What would our family be like… if we hadn't had to fight so hard to get to where we are now? Will she always struggle more when she is tired or sick — or will she outgrow it someday?
My heart and prayers go out to you as Joel — and all of you — continue to heal. Enjoy NOW!
Karen Thank you for your prayers I will lift up your daughter too!
Children are so much more resilient than adults are. They seem to adjust to changes better. Looks like he is doing great!
Stopping by from VoiceBoks!
He is pushing forward each day, he makes us proud.
Thank you for this, Cheryl.
Your welcome Leah.
I just stumbled upon your blog from VB and have found myself reading about your journey with Joel for a while now. Your strength is amazing and such an inspiration for others. God bless you & your family and little Joel!

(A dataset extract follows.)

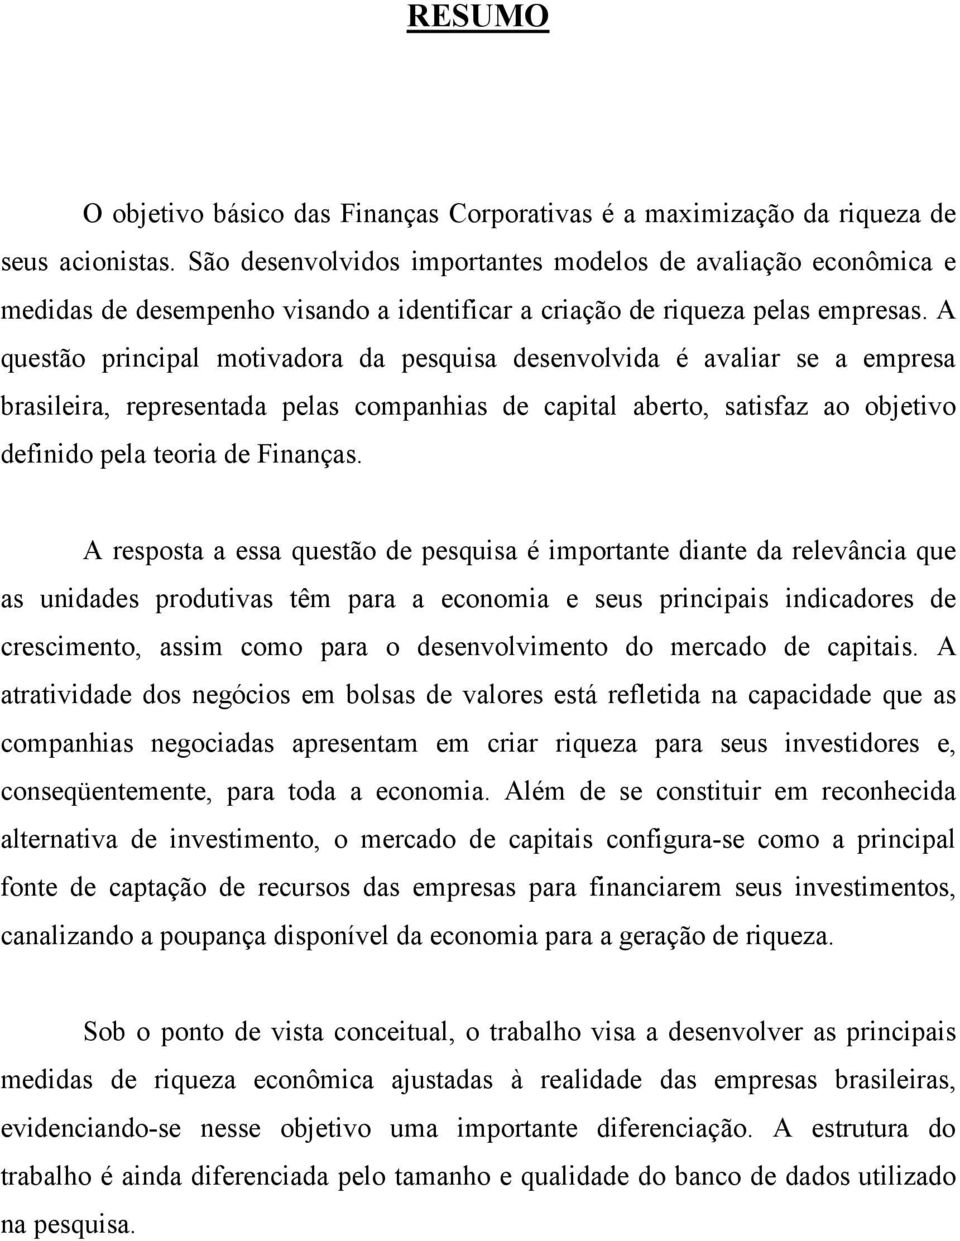 A questão principal motivadora da pesquisa desenvolvida é avaliar se a empresa brasileira, representada pelas companhias de capital aberto, satisfaz ao objetivo definido pela teoria de Finanças.

Thank you Andrea for your kind words. Some days it can feel almost draining but all these kind comments have been such an encouragement!
Thanks for your comments.
This illness is so destructive. We are not familiar with this tumor, with only neuroblastone. My nephew was three years old when my sister discovered that something was wrong. I wish you God's presence, even on your way to acceptance of your little boy as he became after surgery. You've got him again, but differently than he was. I'll get you "pray" button.
This is my first visit to your blog, so I'm just 'getting to know you'. My heart is going out to you…. 'The trials that afflict the just, in number many be. But yet at length out of them all, the Lord doth set them free' (Scottish Metrical Psalms).